Overview

Protocol Buffers are a language-neutral, platform-neutral extensible mechanism for serializing structured data.

It’s like JSON, except it’s smaller and faster, and it generates native language bindings. You define how you want your data to be structured once, then you can use special generated source code to easily write and read your structured data to and from a variety of data streams and using a variety of languages.

Protocol buffers are a combination of the definition language (created in .proto files), the code that the proto compiler generates to interface with data, language-specific runtime libraries, the serialization format for data that is written to a file (or sent across a network connection), and the serialized data.

What Problems do Protocol Buffers Solve?

Protocol buffers provide a serialization format for packets of typed, structured data that are up to a few megabytes in size. The format is suitable for both ephemeral network traffic and long-term data storage. Protocol buffers can be extended with new information without invalidating existing data or requiring code to be updated.

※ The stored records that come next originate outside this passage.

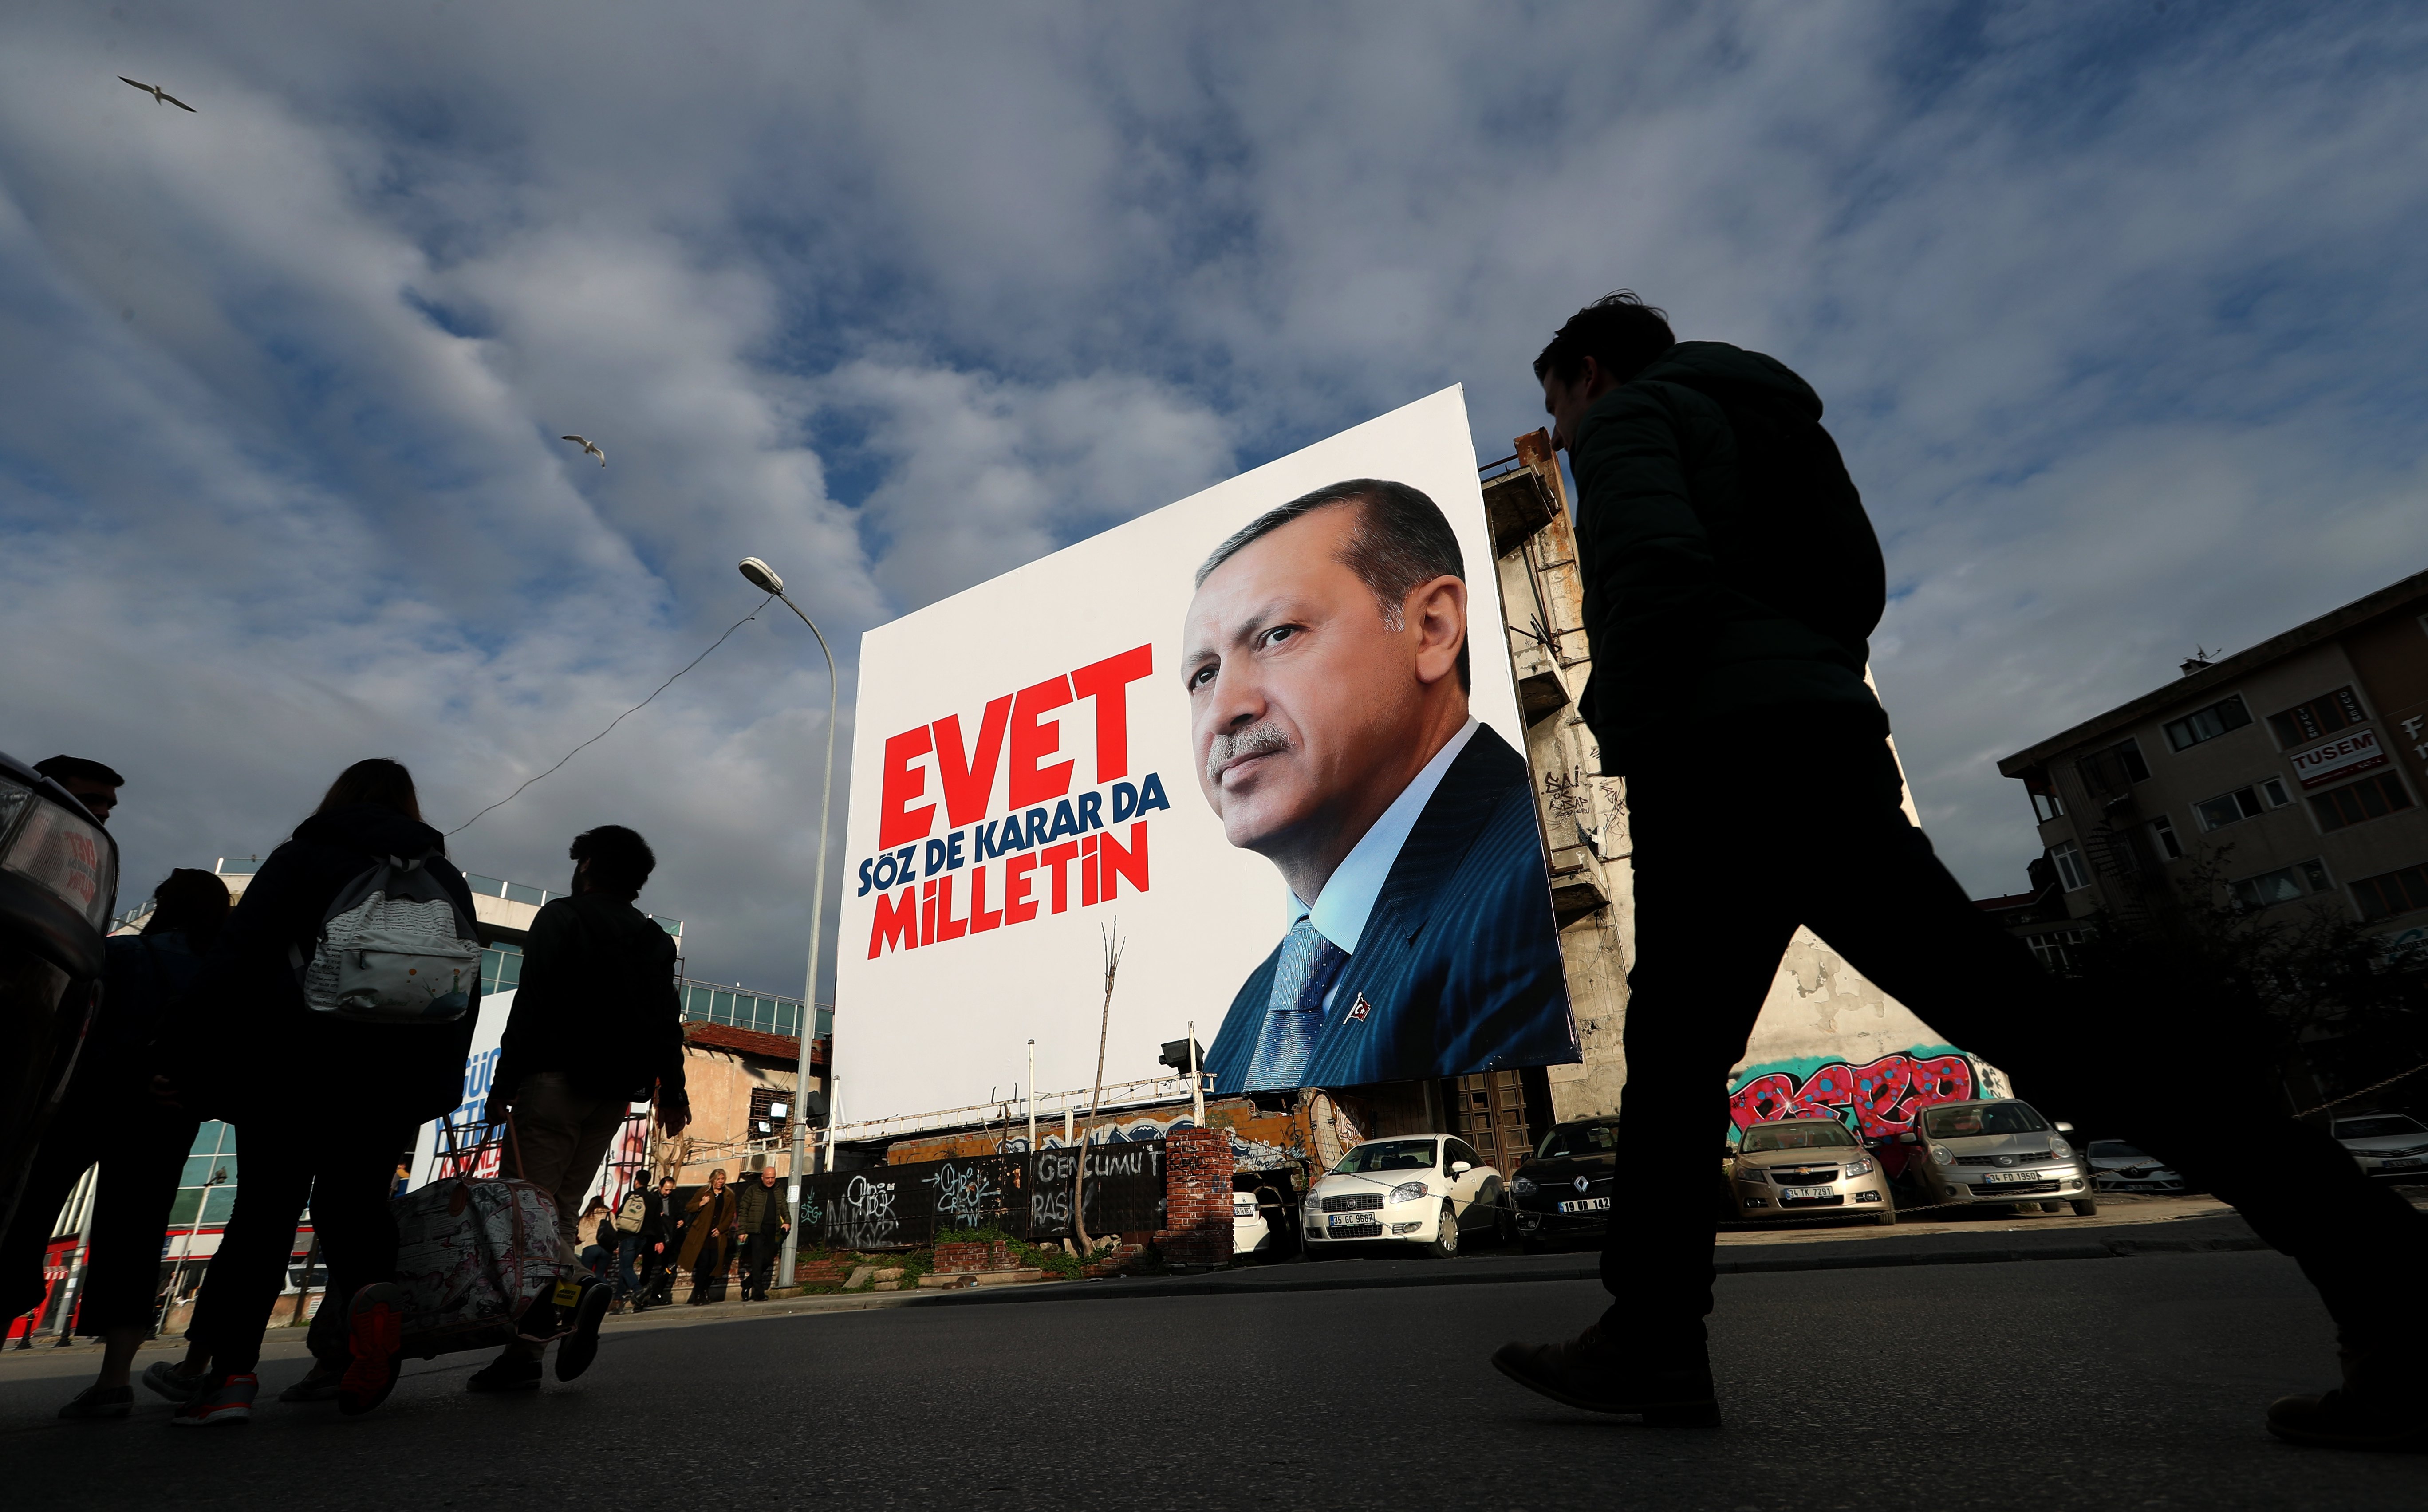 Ερντογάν: Η απάντηση στην Ευρώπη πρέπει να είναι «ναι» στο δημοψήφισμα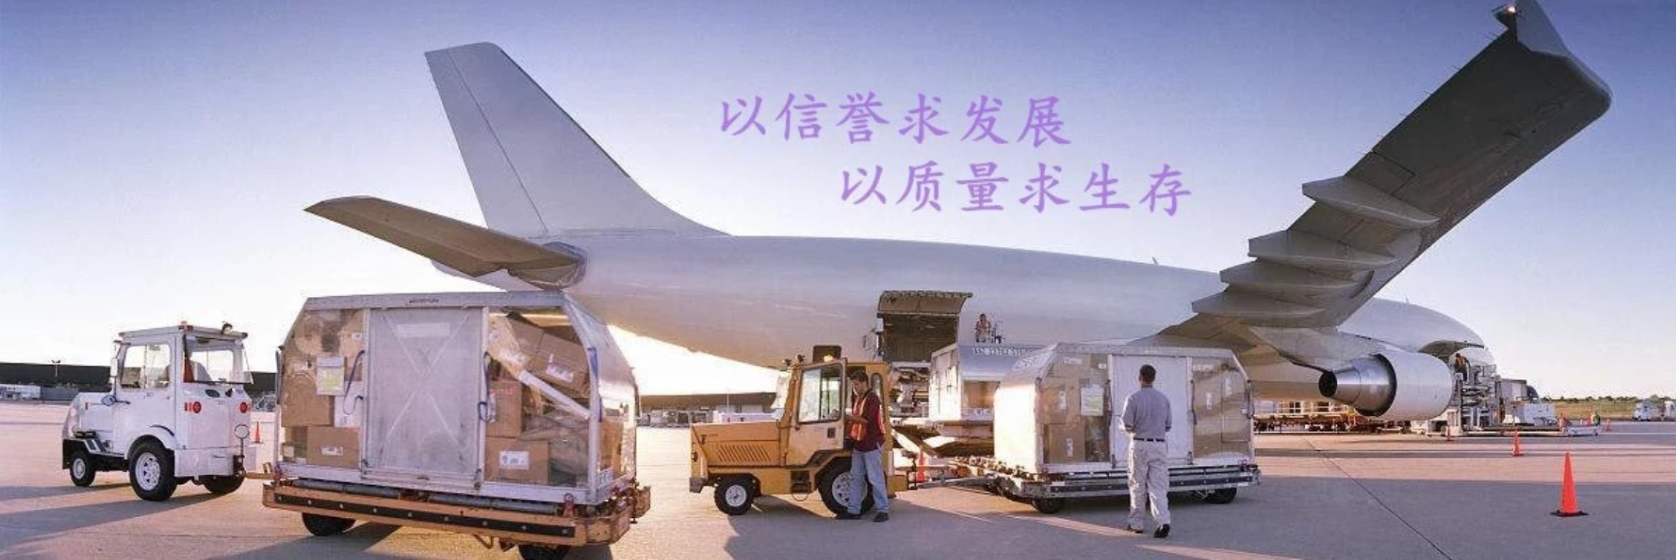 上海到摩洛哥空运订舱货代专线口罩洗手液浦东机场物流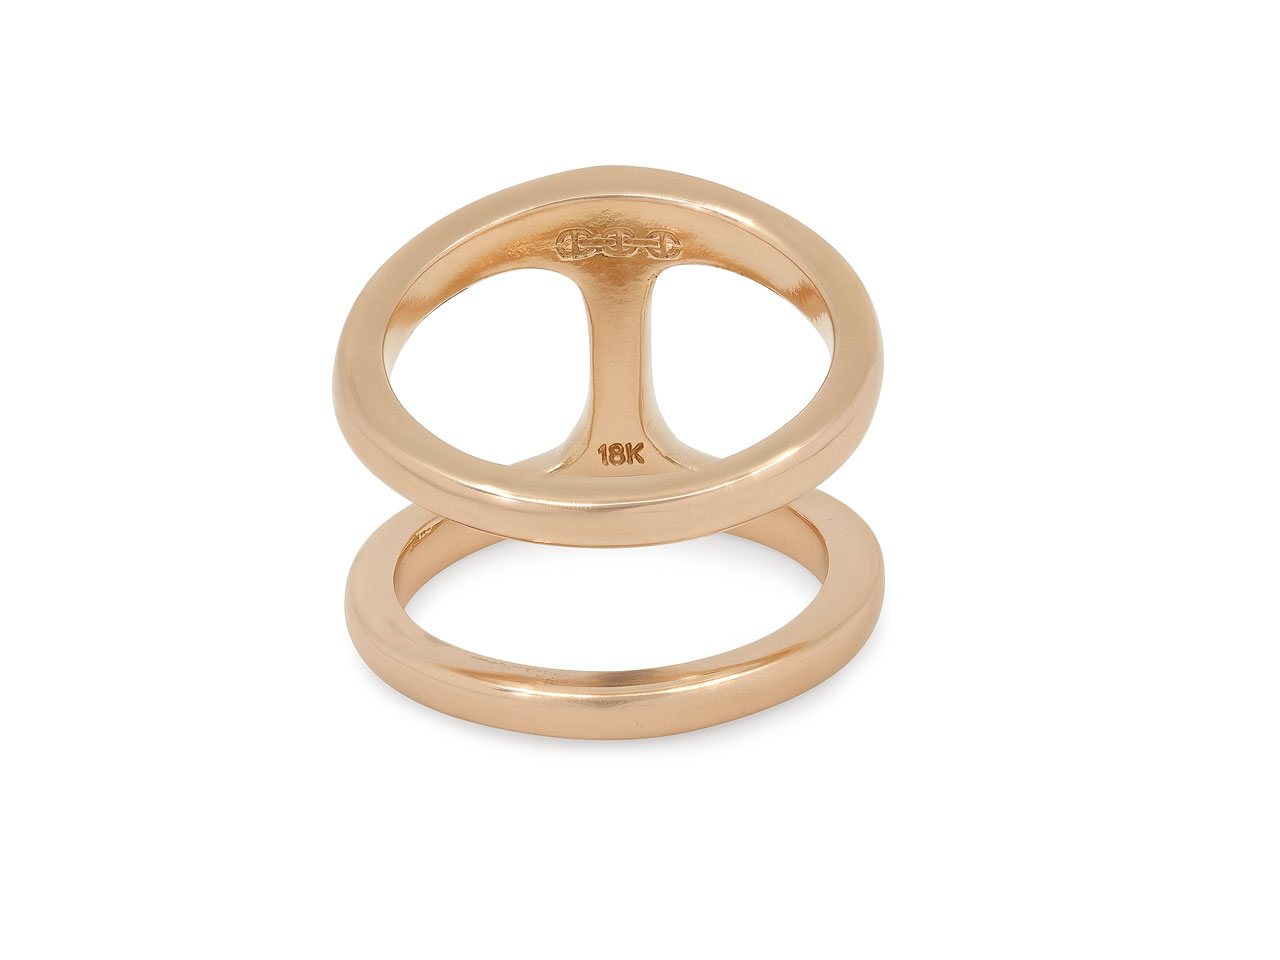 Hoorsenbuhs 'Dame Phantom' Ring in 18K Rose Gold

Protocol buffers are the most commonly-used data format at Google. They are used extensively in inter-server communications as well as for archival storage of data on disk. Protocol buffer messages and services are described by engineer-authored .proto files. The following shows an example message:

message Person {
  optional string name = 1;
  optional int32 id = 2;
  optional string email = 3;
}

The proto compiler is invoked at build time on .proto files to generate code in various programming languages (covered in Cross-language Compatibility later in this topic) to manipulate the corresponding protocol buffer. Each generated class contains simple accessors for each field and methods to serialize and parse the whole structure to and from raw bytes. The following shows you an example that uses those generated methods:

Person john = Person.newBuilder()
    .setId(1234)
    .setName("John Doe")
    .setEmail("jdoe@example.com")
    .build();
output = new FileOutputStream(args[0]);
john.writeTo(output);

Because protocol buffers are used extensively across all manner of services at Google and data within them may persist for some time, maintaining backwards compatibility is crucial. Protocol buffers allow for the seamless support of changes, including the addition of new fields and the deletion of existing fields, to any protocol buffer without breaking existing services. For more on this topic, see Updating Proto Definitions Without Updating Code, later in this topic.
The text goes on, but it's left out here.